He grunts. “It’s coming. Your girl Marian can’t tell the difference between a par light and a floodlight. I had to straighten her out.”

Marian is the next best thing to him in their department, but his pride won’t let him see that he can’t do without her. I let him take the win on this one. As we eat, the girls chatter. I watch them, this little unit of chaos and love, and a quiet, persistent ache blooms in my chest. I want this. Not the noise, necessarily. But the belonging. The small, warm weight of a child trusting you to be their whole world. I am a great uncle. I want to be a great father.

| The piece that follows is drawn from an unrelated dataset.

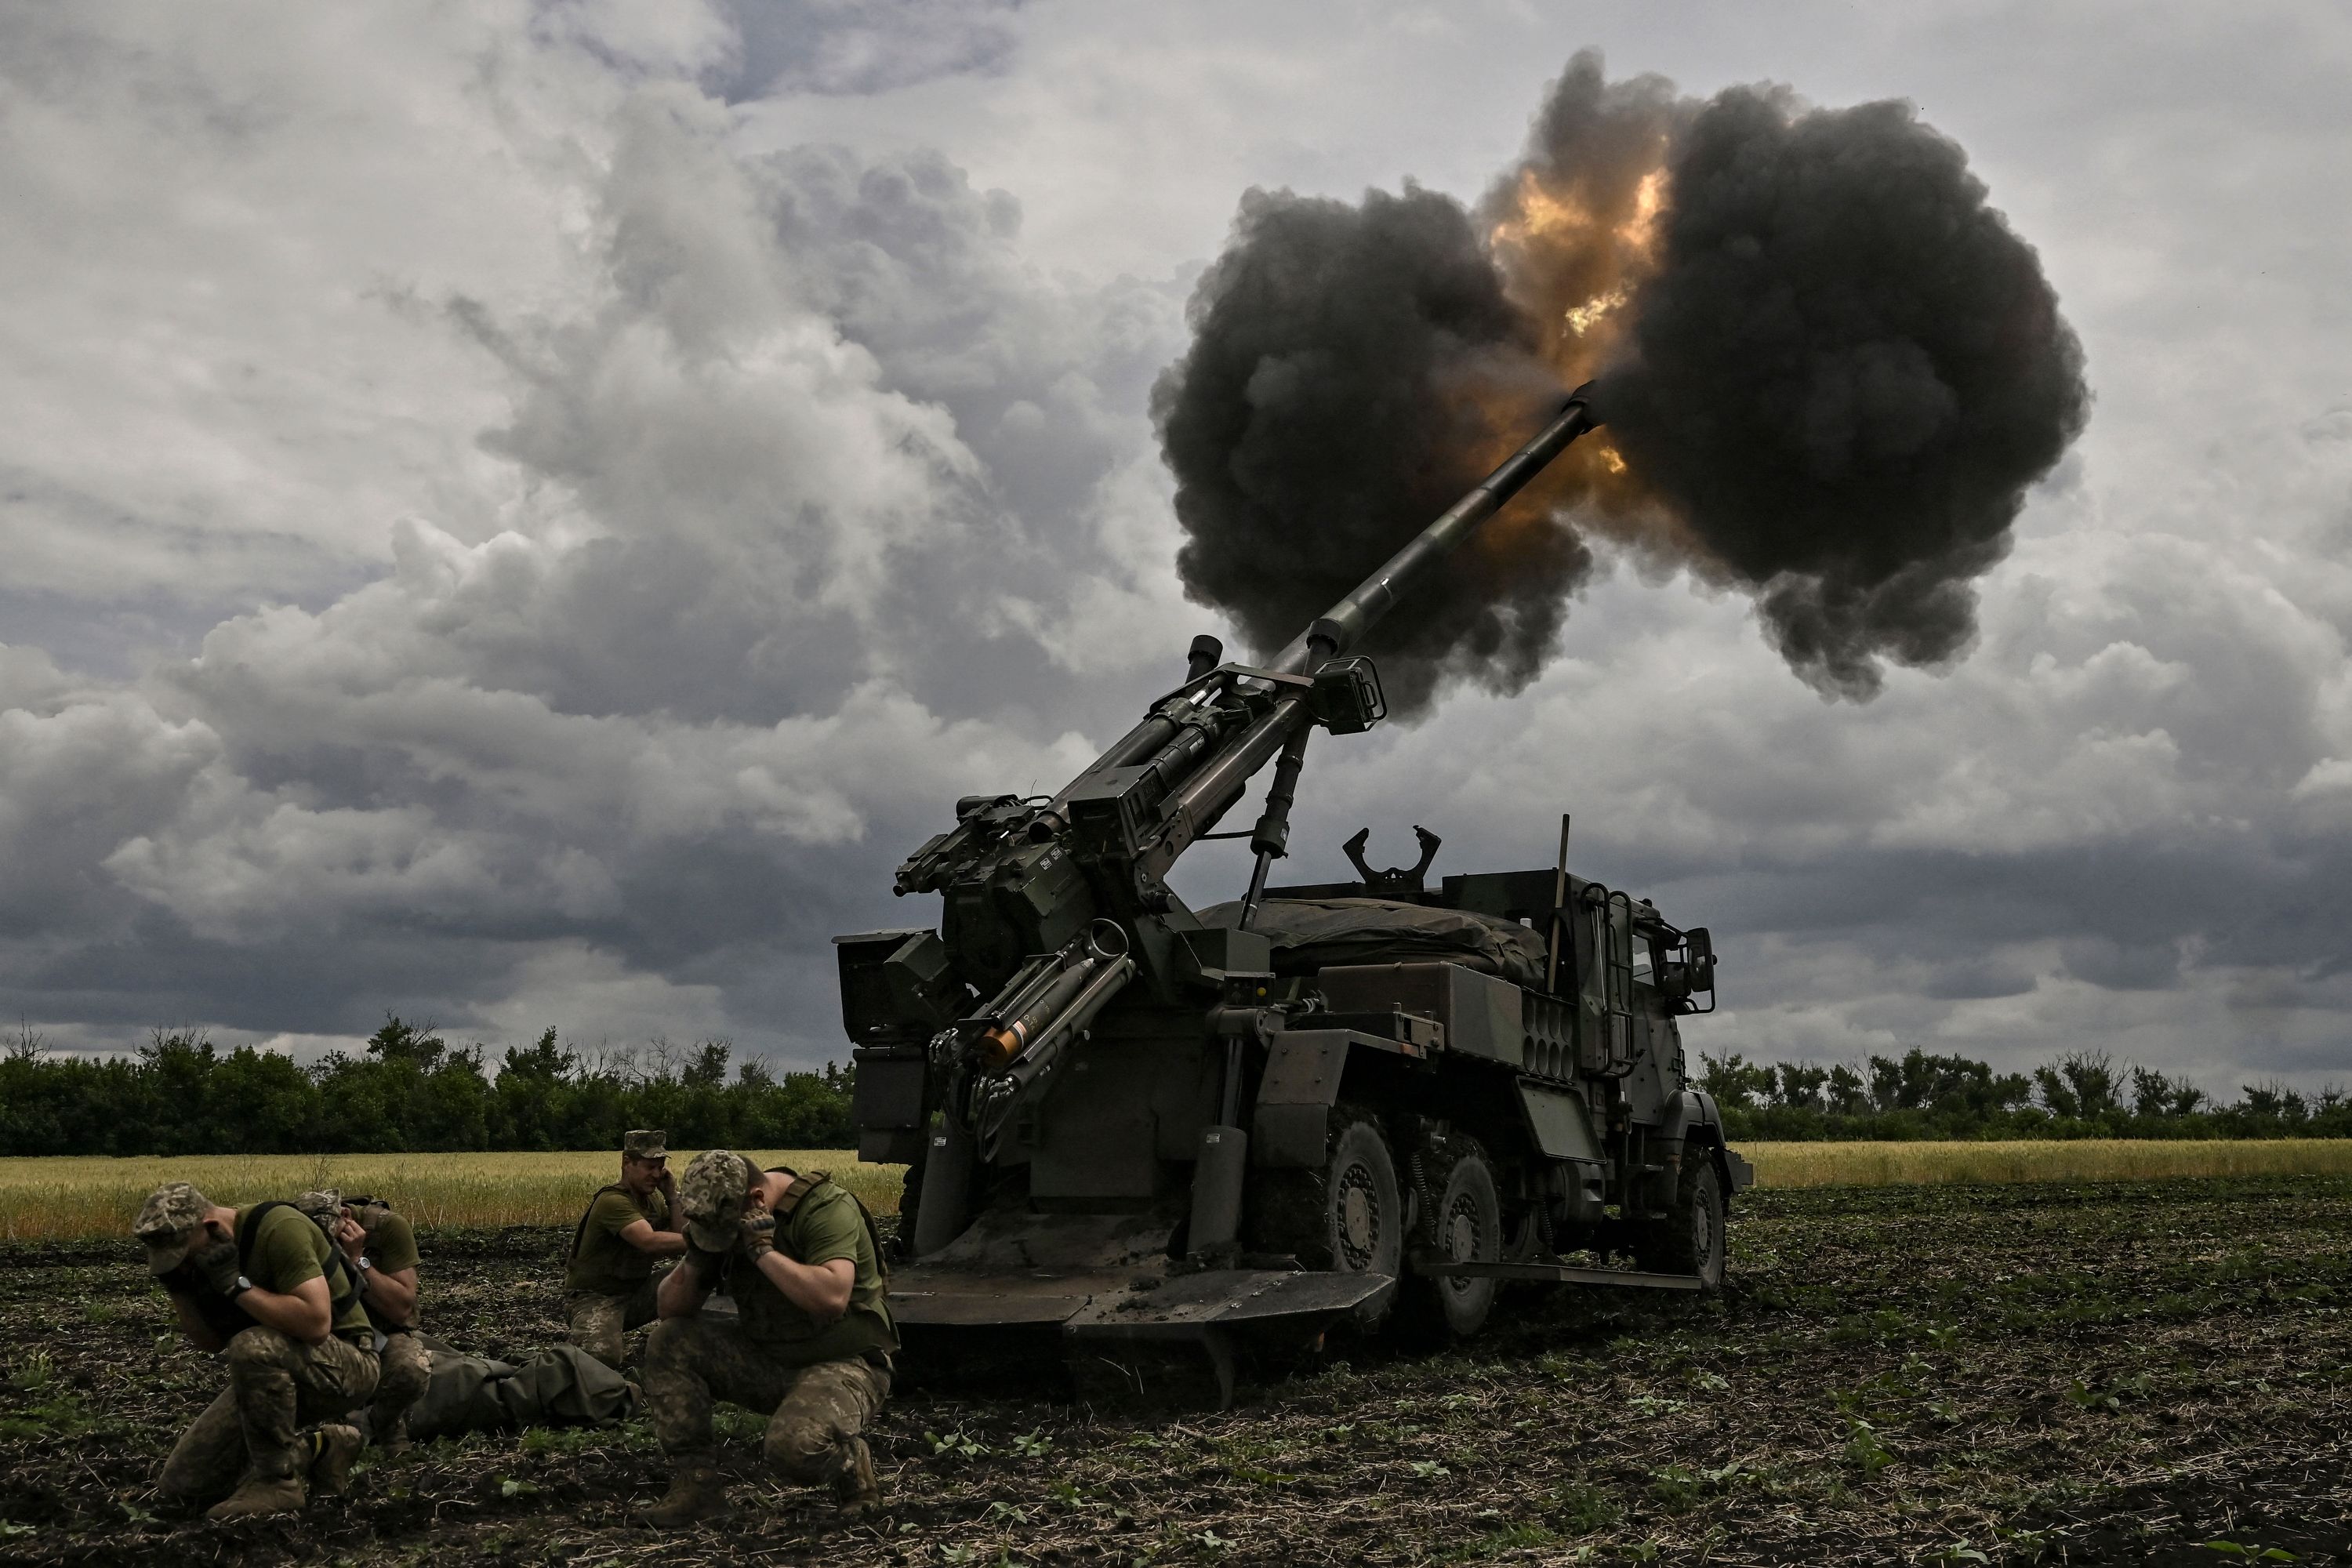 Ukrainian counterattacks exploit Russia’s focus but are stymied by lack of weapons

I finally tear myself away, promising the girls I’ll bring them cake from the event, even though my belongings are packed, ready for my return home. Ifechi’s smile is still pinned in place as I leave.

***

My apartment is a tomb compared to my brother’s house. A beautiful, silent, expensive tomb. The air is still, smelling faintly of paint and new drywall. The repair work is done. A new, more securely fastened ceiling looks down on my new bed. But the trust is broken, and I’ll sleep in the guestroom from now on. 

My phone beeps. A reminder. Abuja Metropolis Beautification Gala. 2 PM. Transcorp Hilton.

Right. The event. I’d marked it months ago, when it was Barrett Brothers handling it. I’m attending for two reasons. One, a major government function is always good for leads. Two, I’m curious to see this Deze girl, sidechick or not, who got away from Imani Ibrahim’s draconian clutches. 

Before she left to the US two years ago, Imani controlled the Abuja events planning space. From a wealthy and influential family, she was way above the rest of us in connections and in the business. A proper Nepo Baby. The rest of us played in the small league, handling occasions for smaller clients. If this protégée of hers is good, then the wise thing would be to make her an acquaintance. Barrett Brothers was no longer a baby in the game, and we have built something solid and respectable with high-paying clients. However, I have learnt not to joke with connections in this Abuja. A simple phone call can change your life.

That was what happened to me ten years ago, when I stumbled across a contact on my phone. Desmond Yele Ogunjimi. We had studied together in Liverpool, both running the same master’s program. Although we’d come from different worlds, we bonded at some level. Yele didn’t consider me being a scholarship student from a poor background a stain on his reputation. He offered me his spare bedroom and friendship. He was the reason I looked beyond my station in life and dreamed big. A single phone call to him three years after we parted was what birthed Barrett Brothers. Yele was our benefactor and still maintains a business relationship with us. This is another reason for me not questioning his latest moves.

I shower, the water hot and sharp. I choose a simple but impeccably cut navy suit. Respectable. Approachable. Authority without arrogance. I check my reflection. The man who looks back is calm, contained. He has his life in order. He almost believes it.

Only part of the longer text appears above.